L-1 norm at equality

[Jack]

Given the decision var `x`, I am not able to satisfy the following two constraints together

norm(x, 1) <= L

-B <= x <= B

Ideally, I am trying to get the first constr to be satisfied at equality, but, that would be non-convex so have the inequality instead.

It seems that when I don't use the second inequality, then, the first becomes satisfied at equality. 

However, I needed both with the first to be satisfied near equality. Could I add some constraint on "x" (like a lower bound) so that the first become satisfied?

I know that a lower bound on L-1 isn't convex though there are heuristics to deal with it, but, would like to avoid this. Thank you.

 

[Johan Löfberg]

It's very confusing what you want to do. x_i = (1/L) will work if (1/L) <= B if you simply want to construct an x

Just because it is nonconvex doesn't mean it cannot be solved. You can add norm(x,1) == L to the model to see how well the resulting MILP model behaves

[Jack]

thank you for your reply. the above has objectives and other constraints as well (i was able to hone down to the two constr, i.e., above, that were giving issues in being satisfied together)

do i need to specify to the solver (mosek) to solve the equality as a MILP? I was getting a DCP err when solving at equality.

[Jack]

Is there a reference that shows how to convert the L1-norm equality problem using binary vars? Would mosek be able to solve it? Thank you.

[Johan Löfberg]

YALMIP does it automatically for you and thus any MILP solver will work

L1-norm is just as sum of absolute values, which easily is modelled using logics, abs case described here

https://yalmip.github.io/tutorial/logicprogramming/

[Jack]

If i split my x into a positive and negative parts, then, would i need to modify my other objectives and constraints accordingly or can those remain w.r.t. the original x?

How can I go about acquiring the non-negative part of x and declaring it as the vector of binary vars z1? Similarly for z2?

For the L-1 norm above, am thinking that I can do

\sum_i z1_i + \sum_i z2_i = L

?

Thank you.

[Johan Löfberg]

If you want to implement it manually, and you don't want to use the model which I linked to ut want to use the alternative form x=z1-z2,z1>=0,z2>=0, you will simply have to change the logical model to implement the disjunction (x=z1,x>=0) or (-x=z2,-x<=0)

[Jack]

I was trying to understand how the reformulation is done, e.g., for the L-1 norm here

https://docs.mosek.com/modeling-cookbook/mio.html#exact-1-norm

I am not sure what the "e" variable in rhs of xm/z2 corresponded to? is this a hyper-param that i have to tune? an interpretation of this would be much appreciated.

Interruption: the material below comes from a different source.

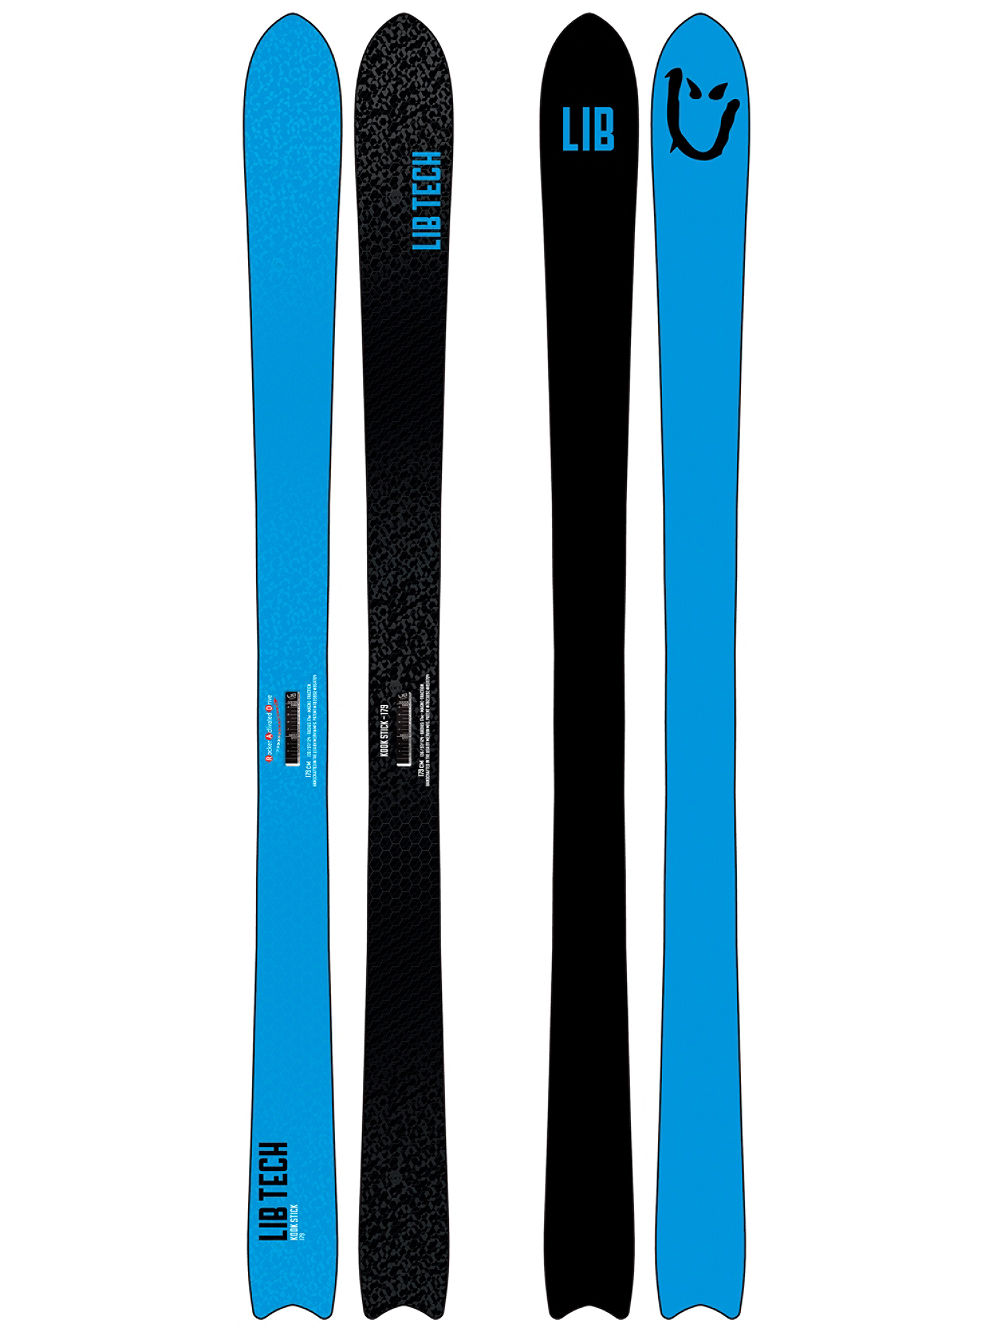 Kook Stick 97mm 186 2022 Skis

And the "z" seems to be a R^n vector of binaries so I just needed to declare that outside and also the continuous z1/xp, z2/xn?

Also, just wanted to confirm that my objectives and constraints that are in "x" can remain as is and won't be affected by these changes?

Thank you again

[Johan Löfberg]

e is the vector of 1

It is the logical model for implies(z == 0, xplus<=0) + implies(z == 1, xminus <= 0) which with x == xplus-xminus implies that xplus + xminus will be abs(x)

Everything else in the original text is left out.